Plaintiff's effort to allege additional incidents of discriminatory conduct, including the use of racially derogatory language in the workplace, as alleged in paragraph 14 of his complaint, and the description of the incident involving his refusal to sign some kind of testimonial document containing false information about a fellow co-worker, as alleged in paragraph 15, simply cannot be construed as "fairly within the scope of the prior EEOC complaint." See Antol, 82 F.3d at 1295 (citation omitted). The EEOC charge does not suggest or reference any use of racially derogatory remarks or euphemisms by a supervisor, it does not include any reference whatsoever to the charges of theft against a fellow employee, nor does it indicate any expression of complaint of discriminatory treatment by Plaintiff to the human resource department. See id. The Court notes that given the context of the EEOC charge, all of these newly-raised incidents would necessarily have occurred prior to the events that were included in the EEOC charge as having occurred between November 14 and 21, 2008.

Plaintiff's averments in paragraphs 14 -- 16 and 35 of the complaint do more than suggest additional theories of recovery under the described discriminatory conduct of the charge, they introduce heretofore un-raised factual bases for different theories of recovery. In other words, Plaintiff is now attempting to raise original charges of discrimination in his civil complaint, all of which was apparently known to him prior to the charge of discrimination, and further preceded the conduct described in the EEOC charge.
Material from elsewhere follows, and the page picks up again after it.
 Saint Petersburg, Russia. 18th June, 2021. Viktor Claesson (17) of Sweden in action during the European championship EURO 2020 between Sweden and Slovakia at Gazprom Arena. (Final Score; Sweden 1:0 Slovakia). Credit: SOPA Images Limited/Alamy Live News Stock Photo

While the scope of the original charge is to be liberally construed, such interpretation does not relieve a complainant from the statutory requirements of administrative exhaustion.

Conclusion

For the reasons hereinabove stated, Defendants' Rule 12(b)(6) Motion for Partial Dismissal of Plaintiff's Complaint is GRANTED. Any claims alleging unlawful discrimination as a result of the factual averments set forth in paragraphs 14 through 16 and 35 of Plaintiff's complaint are DISMISSED for Plaintiff's failure to have exhausted administrative remedies.

SO ORDERED, this 7th day of February, 2011.